ABSTRACTThe formation of new blood vessels and the establishment of vascular networks are crucial during brain development, in the adult healthy brain, as well as in various diseases of the central nervous system (CNS). Here, we describe a method that enables hierarchical imaging and computational analysis of vascular networks in postnatal- and adult mouse brains. Resin-based vascular corrosion casting, scanning electron microscopy, synchrotron radiation and desktop µCT imaging, and computational network analysis are used. Combining these methods enables detailed visualization and quantification of the three-dimensional (3D) brain vasculature.

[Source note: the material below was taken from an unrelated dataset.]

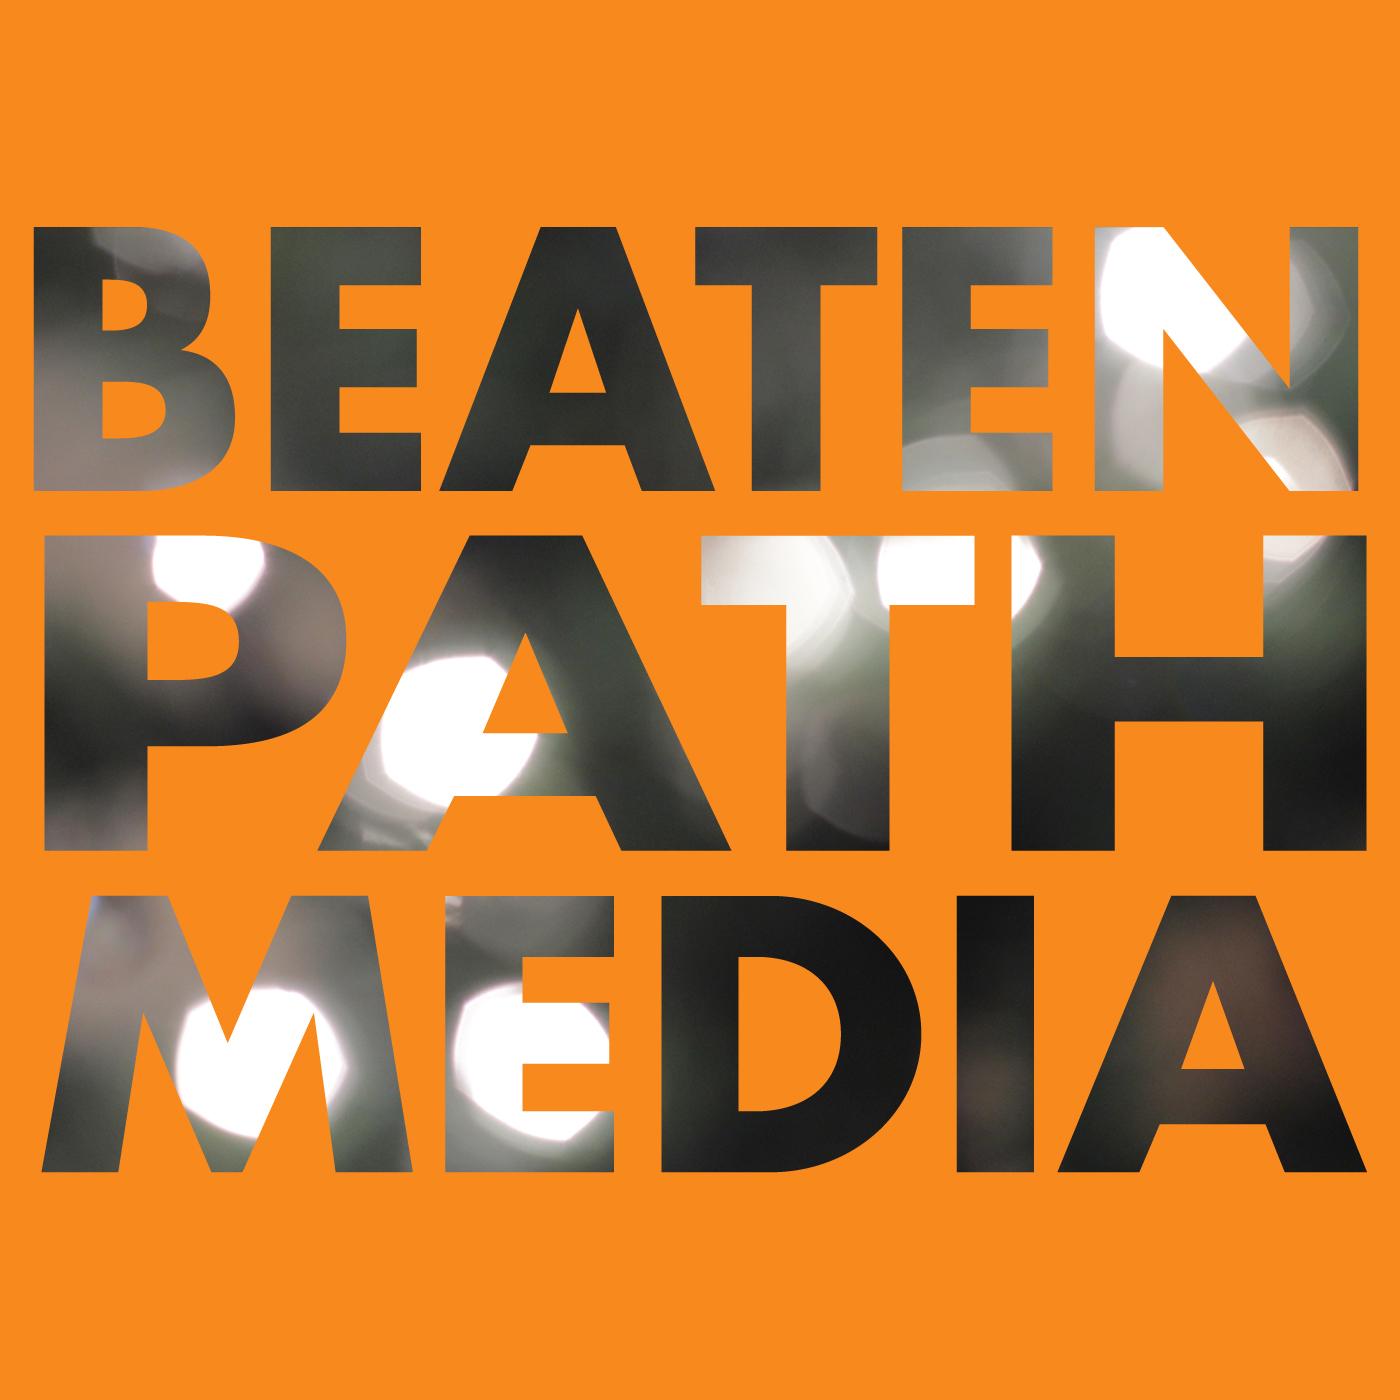 Beaten Path Media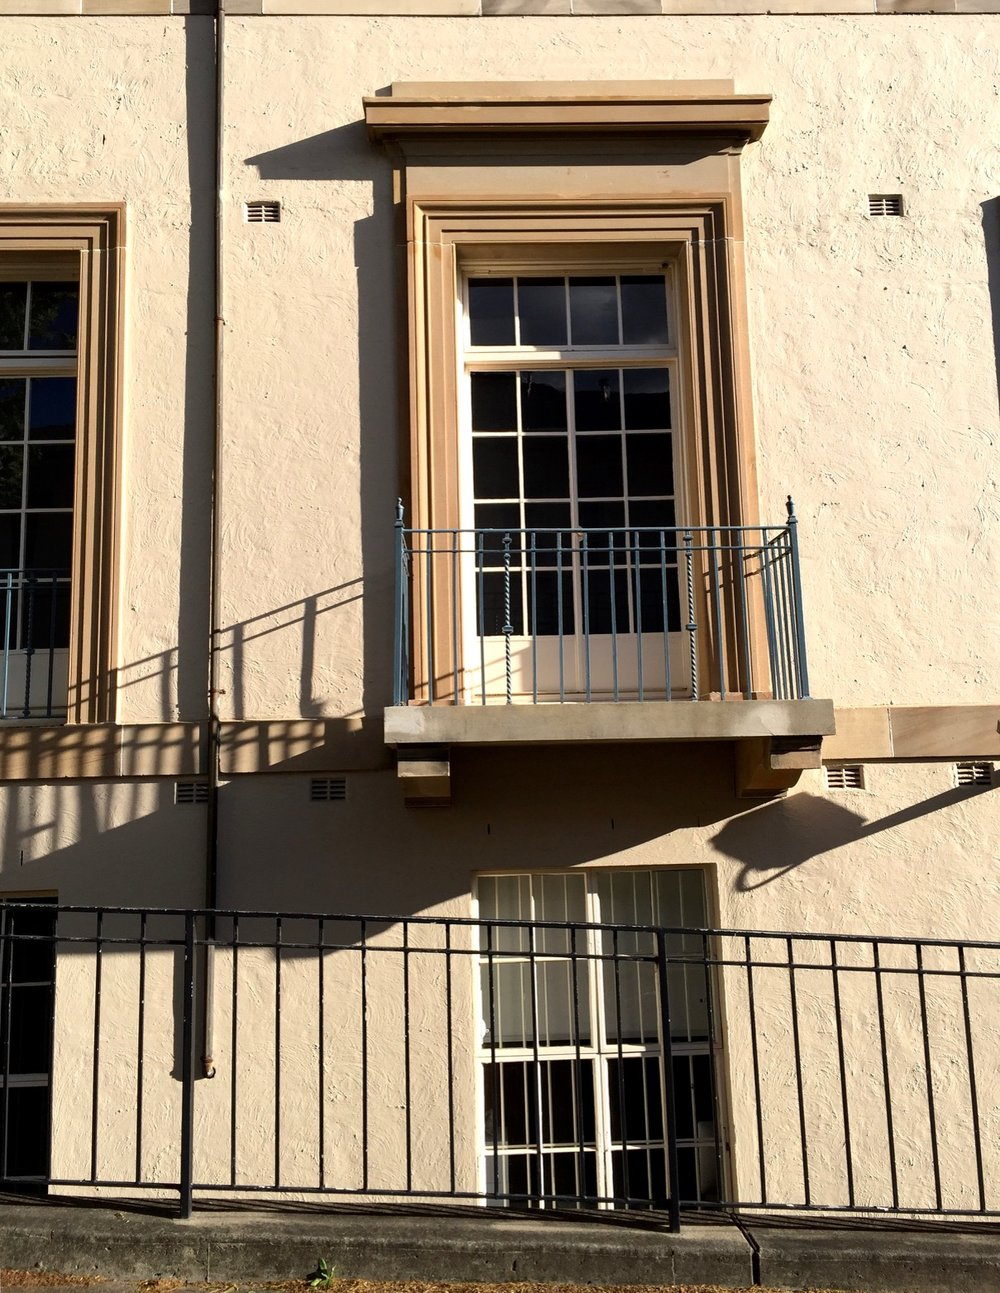 53. Balcony

Network features such as vascular volume fraction, branch point density, vessel diameter, - length, -tortuosity, and -directionality as well as extravascular distance can be obtained at any developmental stage from the early postnatal to the adult brain. Our method allows characterizing brain vascular networks separately for capillaries and non-capillaries.The entire protocol, from mouse perfusion to vessel network analysis, takes approximately 10 days.Online summaryThis protocol uses vascular corrosion casting, hierarchical synchrotron radiation µCT imaging, and computational image analysis to assess the three-dimensional vascular network architecture.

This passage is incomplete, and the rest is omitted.